Can we smoke in here?


I have, it would seem, a highly evolved sense of humour…..
April 22, 2008, 2:43 am
Filed under: idiocy (other people's)

…or, I’m just not that funny.

Me: I’m going to Beijing. Maybe I’ll become a communist.

Co-worker: Really?

Me: Yeah. Alternatively, I might stand up in Tiannannmen Square and start sounding off about what a dick Mao is.

Co-worker: Oh, see, that’s not a good idea. In China, that can get you arrested.

Me: ….

Co-worker: No really, it can. You didn’t know that?

Me: Hi, welcome to the point, please enjoy your stay.

Co-worker: I don’t get it.

Me: Allright, I’ll feed you baby bird. I’m not going to tell you that I’m going to go to Tiannannmen square to take a few pictures, maybe drink a cup of coffee.
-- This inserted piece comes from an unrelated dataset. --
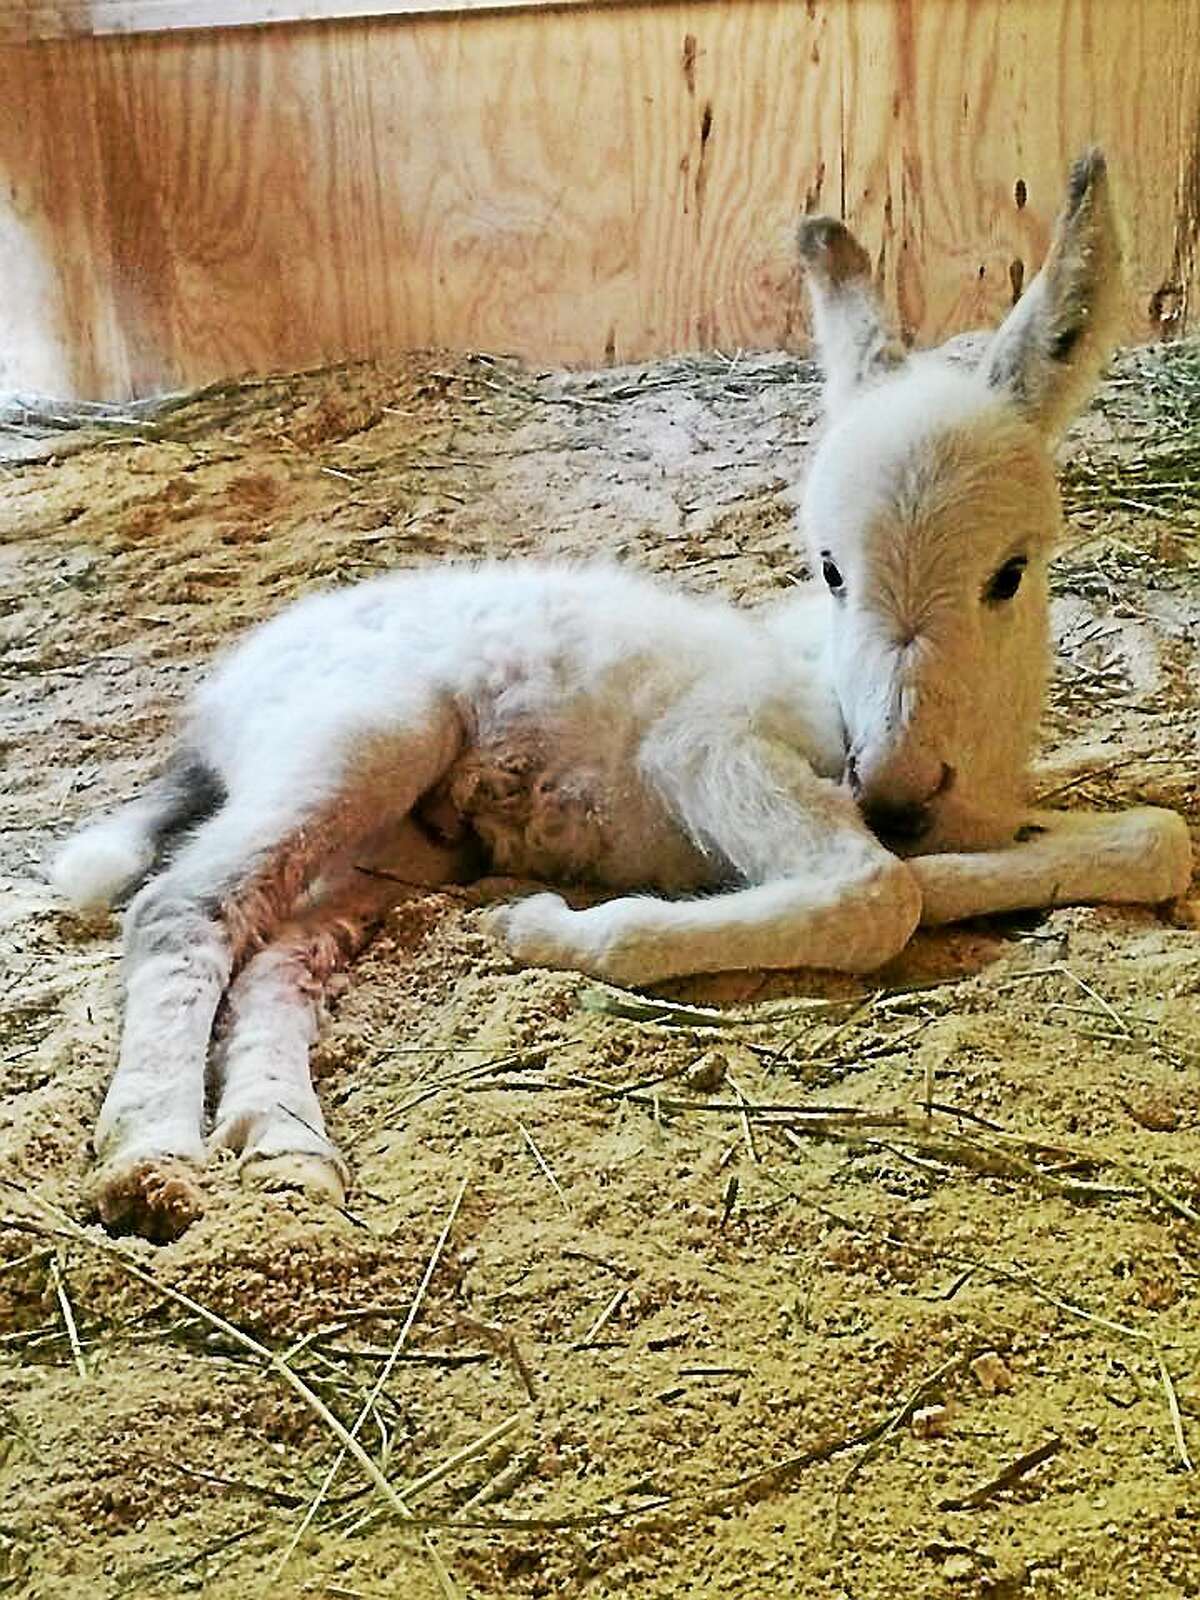 This healthy foal was born May 10 and is named BOGO based on suggestions on Red Skye’s Facebook page. The name stands for “buy one, get one” because its mother’s pregnancy was a surprise when she arrived at Red Skye in April. “We are so excited to welcome Bogo to our Red Skye family,” said Dr. Claire Wiseman, licensed clinical psychologist. “As he grows up, he will be an important part of the learning and healing that takes place at Red Skye.”
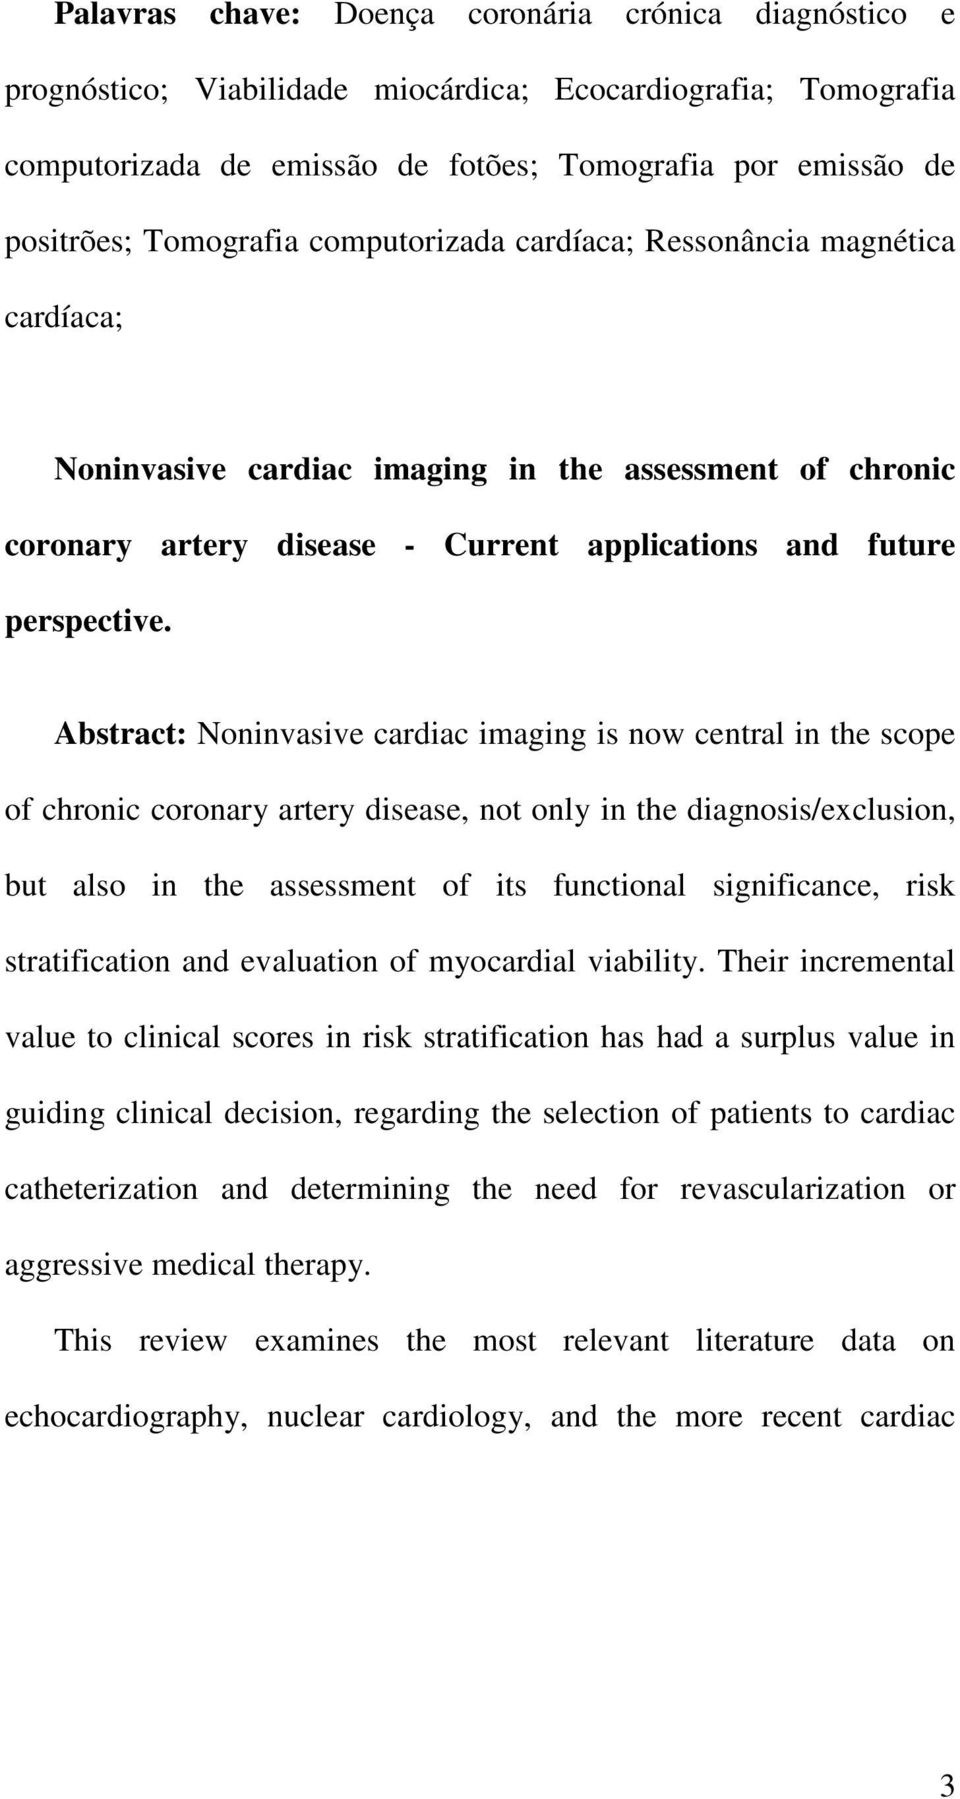 Abstract: Noninvasive cardiac imaging is now central in the scope of chronic coronary artery disease, not only in the diagnosis/exclusion, but also in the assessment of its functional significance,

That’s not FUNNY.

Co-worker: So you’d rather be arrested?

Me: facedesk.



April 18, 2008, 1:25 am
Filed under: idiocy (other people's), quotes, students

My students, in their infinite brilliance, play this game where they make all the blood drain out of their hands. When they’ve got their hands sufficiently yellow and lifeless (and I’m sufficiently grossed out), they release the hand clenched around their wrist and squirm as all the blood goes rushing back into their fingers.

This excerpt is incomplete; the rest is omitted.